Tuesday, 24 April 2012

Chick, chick, chick, chick, chicken...

Lovely free-range chicken on offer at the market today so stocked up and have thrown it in the oven drizzled in olive oil and scattered with thyme leaves...enough to make a couple of meals in there so as well as staple fajitas (my son's current favourite) I think a hearty chicken pot pie as well which can be frozen (uncooked) and taken out on a less inspired evening!
As well as my trusty shortcrust pastry (see Easter entry) a creamy mix of veg to go with shredded chicken meat, and if you don't eat meat just add extra veg for an equally tasty homely meal.
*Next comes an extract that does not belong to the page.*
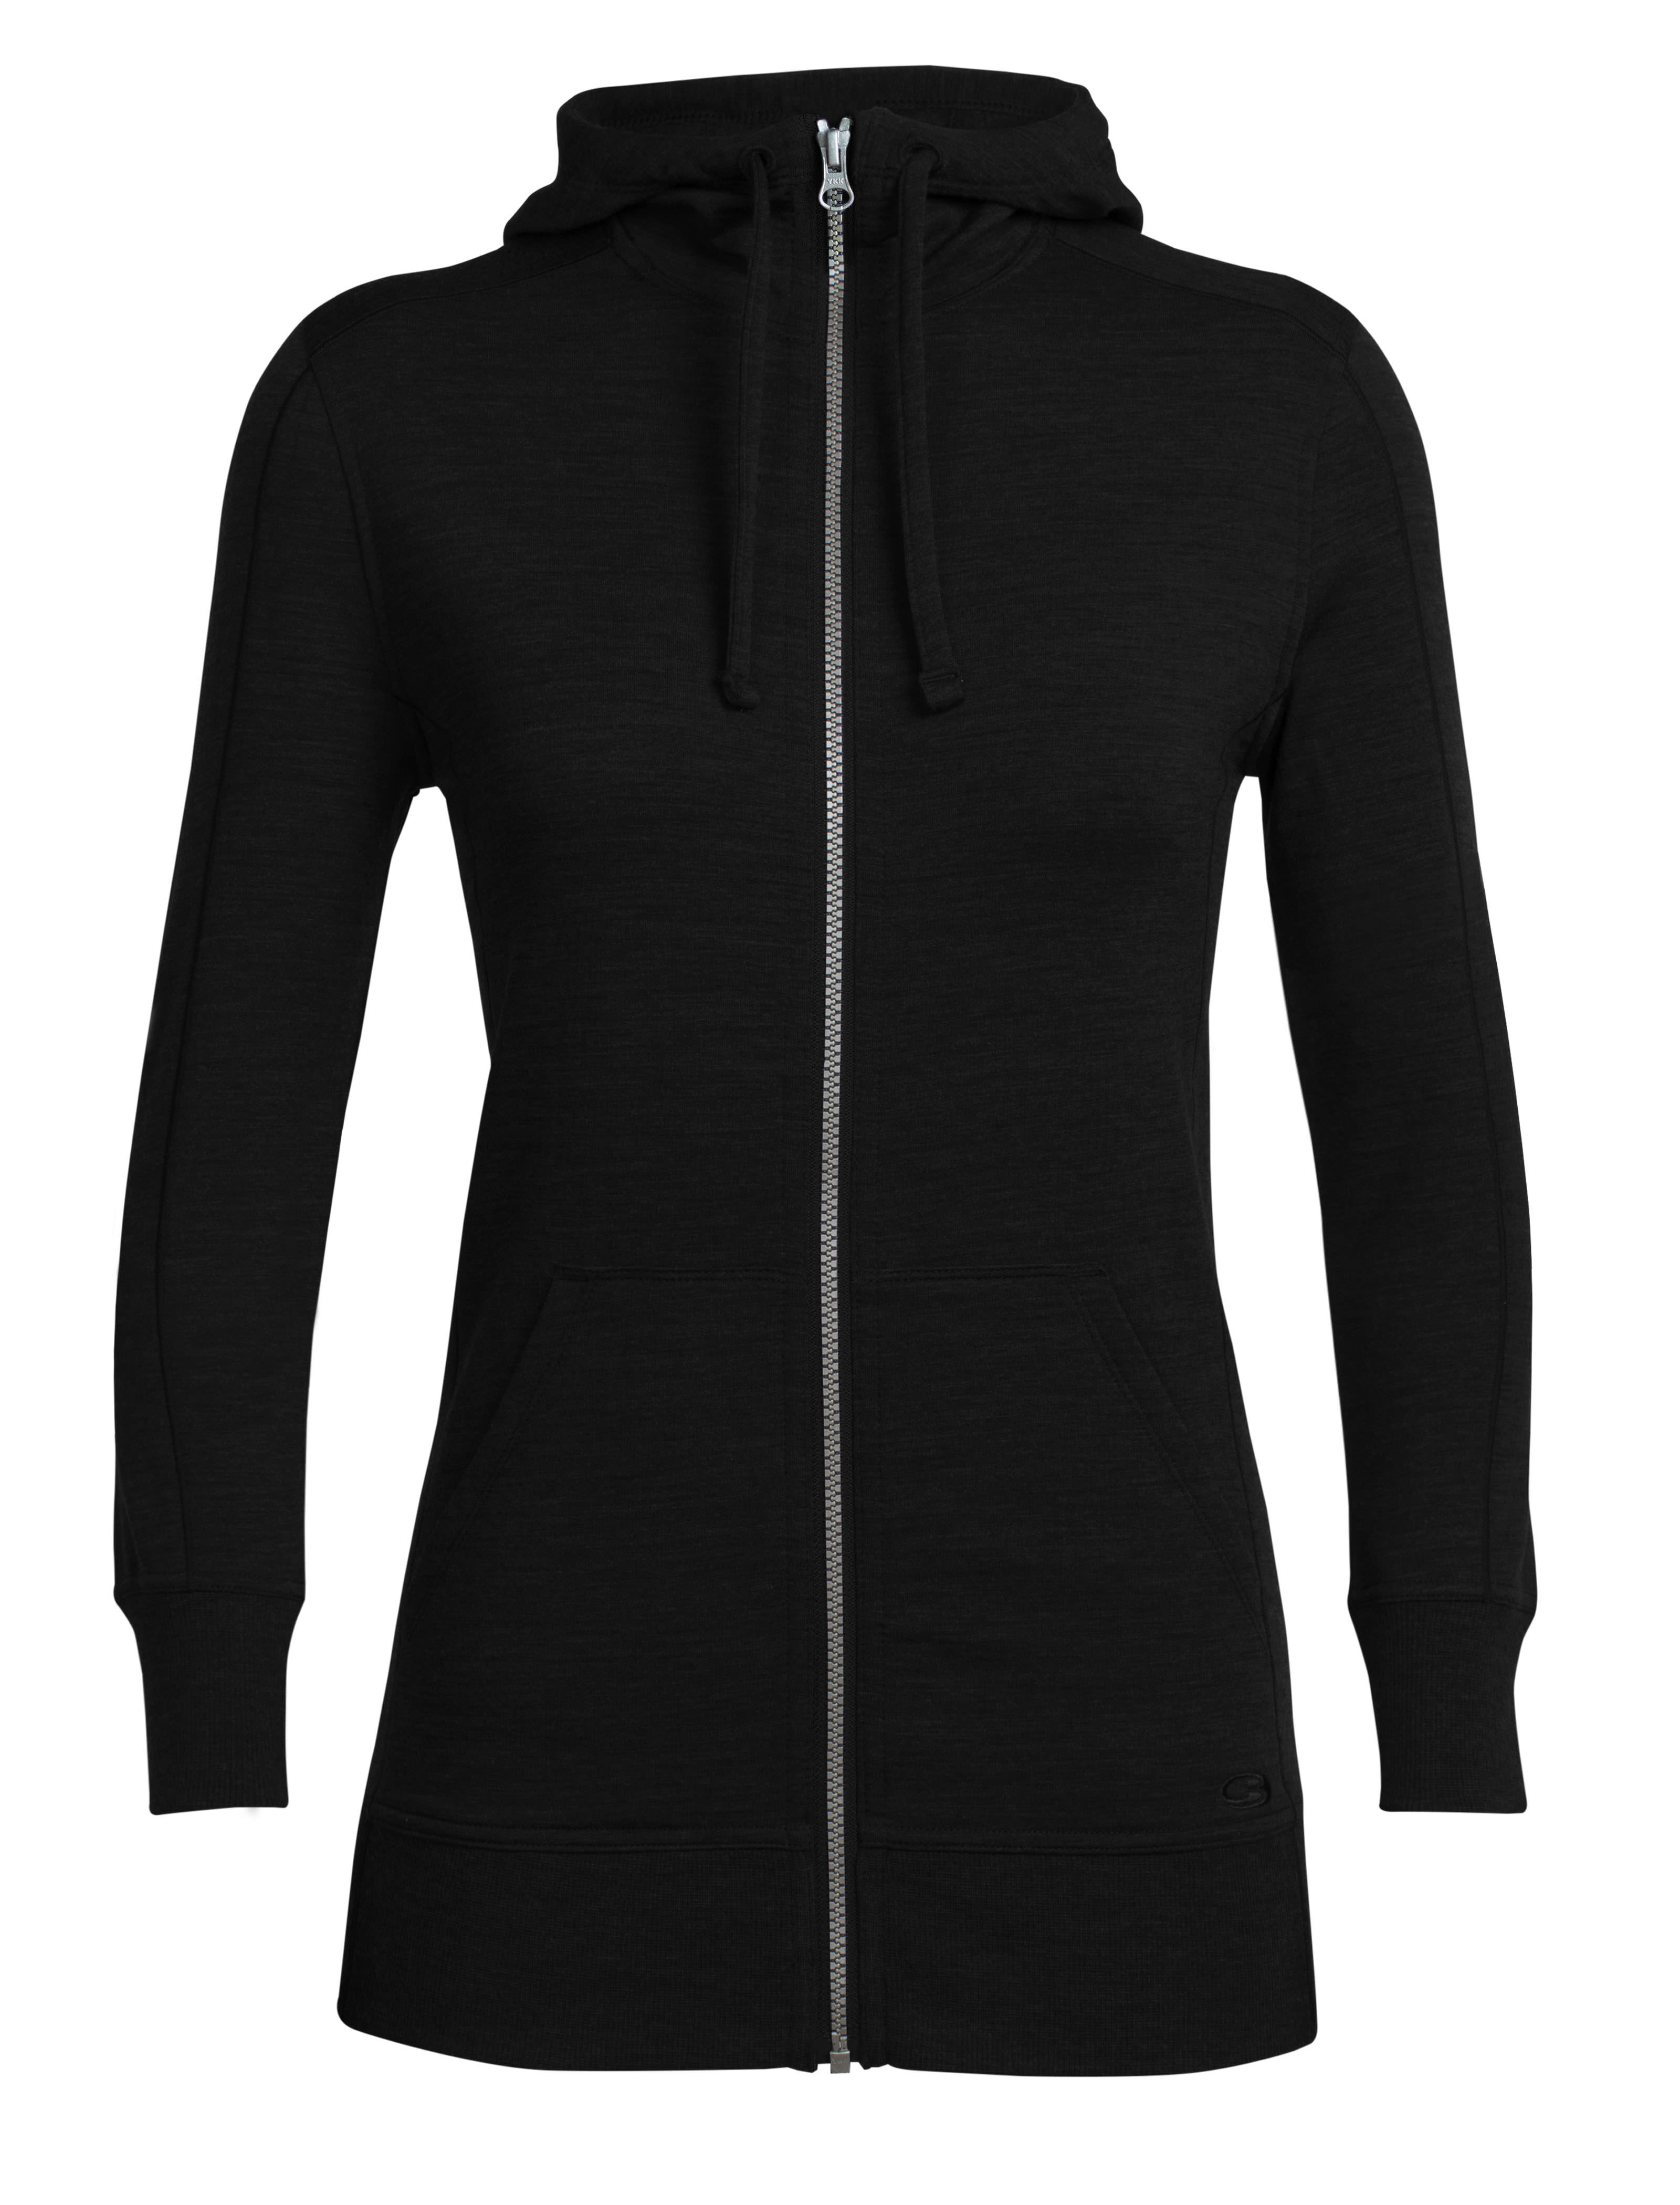 Kleidung & Accessoires Practical Pullover Damen Damenmode

Today I added some cubed smoked Easter ham that we had left over in the fridge.  
I'm having trouble with my layout so bear with me!


Chicken Pot Pie

  • About 300 ml chicken stock (I use an organic cube)
  • about 1/2 glass white wine (not absolutely necessary but adds a little something I think)
  • garlic cloves , finely chopped
  • thyme sprigs
  • 225g carrots , chopped
  • 2 leeks cut into thin rounds or 2 shallots finely chopped
  • cup of frozen peas
  • about 10 button mushrooms sliced
  • About 1/2 small broccoli cut into small florets
  • * or, you can substitute the fresh veg with frozen macedoine veg.
  • 4 skinless roasted chicken breasts
  • 2 tbsp cornflour , mixed with 2 tbsp water
  • 3 tbsp heavy cream
  • 1 heaped tsp Dijon mustard
  • good handful chopped 
  • parsley
  • salt & pepper to taste

  1. Preheat oven to 400 F
  2. soften the leeks or shallots and garlic in olive oil
  3. Add the vegetables and thyme and cook for a few minutes
  4. Add wine and allow to cook off for a bit before adding stock, cream and mustard
  5. Add cornflour mixture and allow to thicken
  6. Tear or cut the chicken into chunky shreds and add to the vegetable mixture
  7. Put into your pie tin or a deep glass baking dish and allow mixture to cool
  8. Cover with a thickish layer of shortcrust pastry (make sure to poke a few holes through the pastry before baking)
  9. Bake for 25-30 mins until filling is bubbling and pastry is golden
n.b this recipe can also be frozen before pastry has been cooked.  I find it is easiest to freeze in aluminium trays.